2001年8月の修行日記


2001/8/26
 どうやら今年いっぱいで、トレバー・ワイの初級用教本が終わりそうだ。中級に進んだら、贅沢をしてフルートを買い換えようか、と夢想する。
 村松楽器のホームページを覗いてみて、やはりかなり値が張ることを知る。管部シルバー+キー部洋銀ならば、350,000円。全部シルバーならば、550,000円くらい。7,400,000円のプラチナ製に比べればまだまだリーズナブルか。しかもすべてハンドメイド、注文生産なので、受注から納品まで半年から1年くらいかかるらしい……そんな事実を知ると、なにやら無性に手に入れたくなってしまう。
 洋銀→シルバー→ゴールド→プラチナ、と材質がグレードアップするにしたがって、実質的なメリットもそれなりについてくるらしい。単なる金持ちの酔狂の対象というわけではないのだ。音質がよかったり、音程移動がなめらかだったりするとのこと。ただし高級材質の楽器は奏者を選ぶらしく、初心者には洋銀製が最も音が出しやすいそうだ。
 それにしても、シルバー→ゴールド→プラチナ、とか、E-メカニズムとかいったタームを聞くと、妙に反応してしまう。SEの悲しい性か?

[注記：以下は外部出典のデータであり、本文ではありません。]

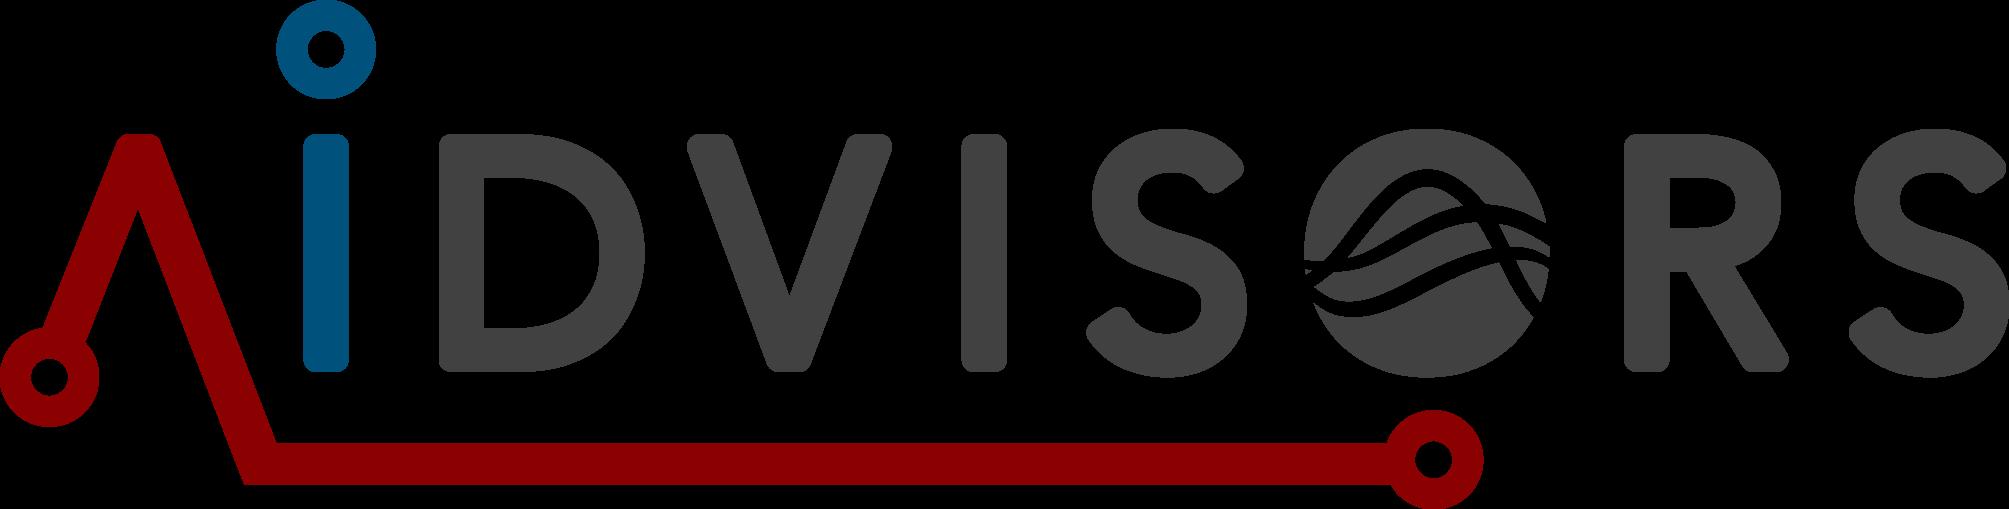 Aidvisors logo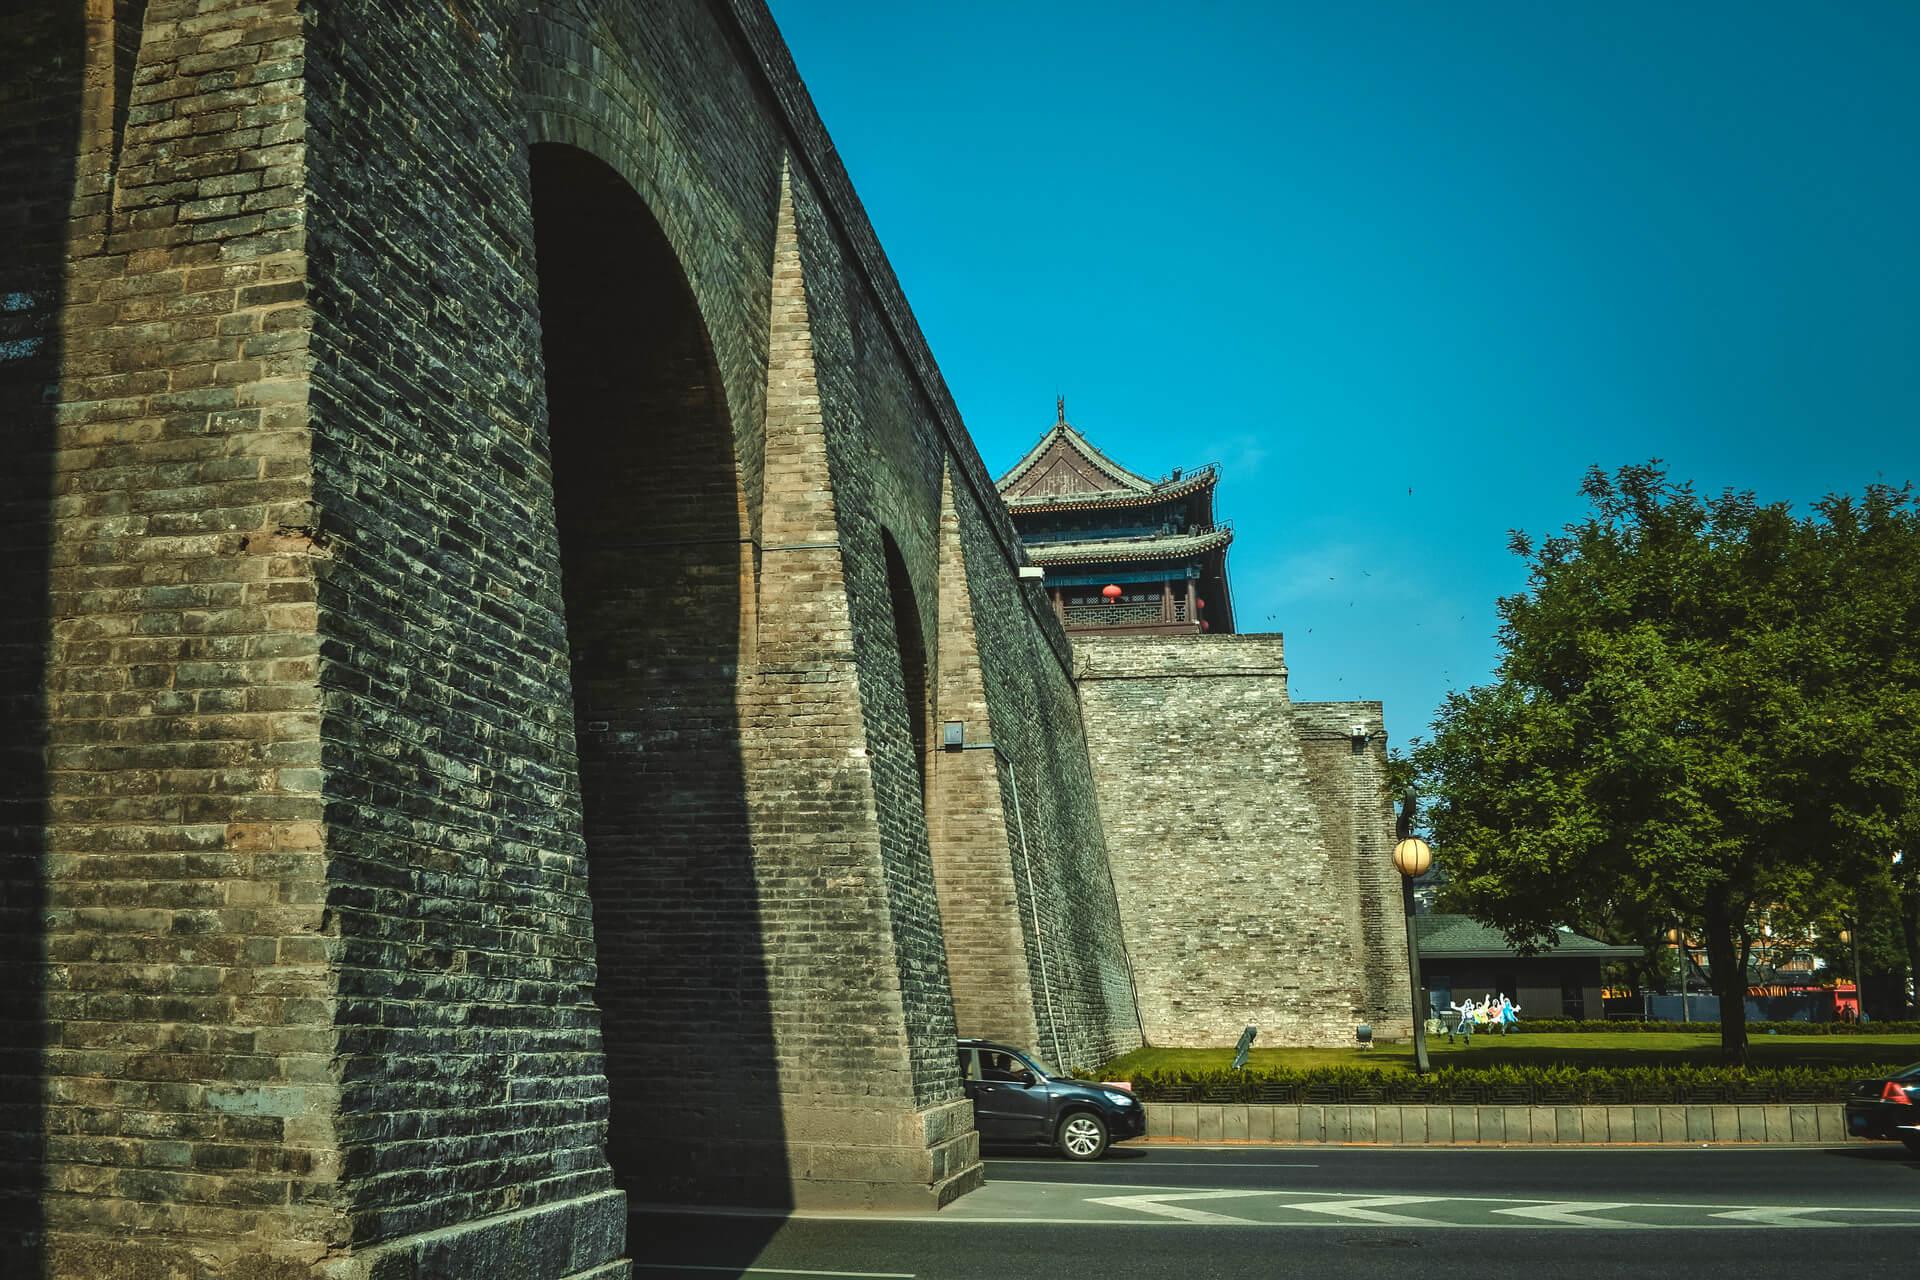 西安の城壁を横から見た様子

 休日出勤すると仕事はそれなりに進むが、ストレスの蓄積が並大抵ではない。こればっかりは何度やっても慣れない。わけもなくイライラしたり、突然悲しくなって涙がこみ上げてきたりするのだ。精神の深いところが労働を拒否してやまないのだろう。

2001/8/24
 最近わが社の上層部が、ホストのリプレースプロジェクトに関する警句として、
 「プロジェクトの滑り出しの段階で、まず現行システムの調査をしっかり行え」
 「現行システムの調査においては、顧客の情報システム部に責任を負わせよ」
 「全てを一度に置き換えるのではなく、段階を踏んで、まず情報系からはじめよ」
 とのこと。彼らがあたかも自分たちがとっくの昔から知っていたかのように説いているこれらの教訓は、実は我々のプロジェクトメンバーの血をもって購われた貴重な財産なのである。
 我らのプロジェクトの草創期において、当時入社間もない3名の中途の人たちのみを配属し、「これでこと足れリ」と放置していたお偉方が、今ではさも賢そうに我々のプロジェクトを格好の失敗例としてケーススタディに引用し、そして一部の軽薄な輩が彼らに阿諛追従し、我々を嘲笑あるいは罵倒している。なんともやりきれない。
 しかしそれにもかかわらず、わがプロジェクトメンバーたちは、悲憤慷慨するどころか文句一つ言わずに日々真摯に仕事に取り組んでいる。

 新幹線車中にて、「完全失業率5%突破」、「日経平均バブル後最安値」のニュースを知る。仕事があるだけまだ私は幸福ということか。

2001/8/19
 狼男を倒すには、銀の弾丸が必要だ。現に鉛の弾丸では倒せなかったではないか。「既に相手は手傷を負っている」という理由で、再び鉛の弾丸をもってあたるのでは、返り討ちに会うのがおちだ。ある程度時間と費用を掛けてでも、銀の弾丸を作るべきだ。
 しかし時間を掛けるほど、相手の傷も回復する……!
 巧遅にも拙速にも偏らず、うまく機を捕らえて一挙に敵を粉砕スベシ。

2001/8/8
 刀折れ、矢尽き、無様な有様をさらしつつも、それでもまだ生き続けたいと思っている。なんという……生き汚さ。
 この職場でやっていくには、もともと素養が足りなかった。そして自らの素養を高めるスピードより、仕事が苛烈になってゆくスピードの方が速い。この点については認識が甘かった。
 だんだん鉱山奴隷のような生活になる。体力がある方ではないので弱る。するとさらに進捗が遅れる。
 学生の頃に比べ、頭は悪くなったし、感受性も鈍くなった。
 この業界がスピードと体力に頼りがちであることは、なんとなく認識していた。ところが実際にこれほどのスピードとは予想していなかったし、これほど体力を要求する会社・プロジェクトで働くとは思っていなかった。
 辛いからといって今辞めても転職はむりだと分かっている。しかしいくら頑張っても能力が低下し続け、やがては廃人になって職を追われるのならば、いさぎよく退職して首でも吊る方がまだ醜くないかもしれない。
 だが、理屈ではそう思っても、やはり生きてゆきたい。苦痛と恥辱でまみれた生にしがみついているのだ。

2001/8/5
 ERDの変更管理のため、AccessVBAでツールを作る。8割方できたところで力尽き、帰宅。

2001/8/4
 ようやく『モンテ・クリスト伯』第4巻了。
 司馬遼太郎の『坂の上の雲』を読んで元気を出す。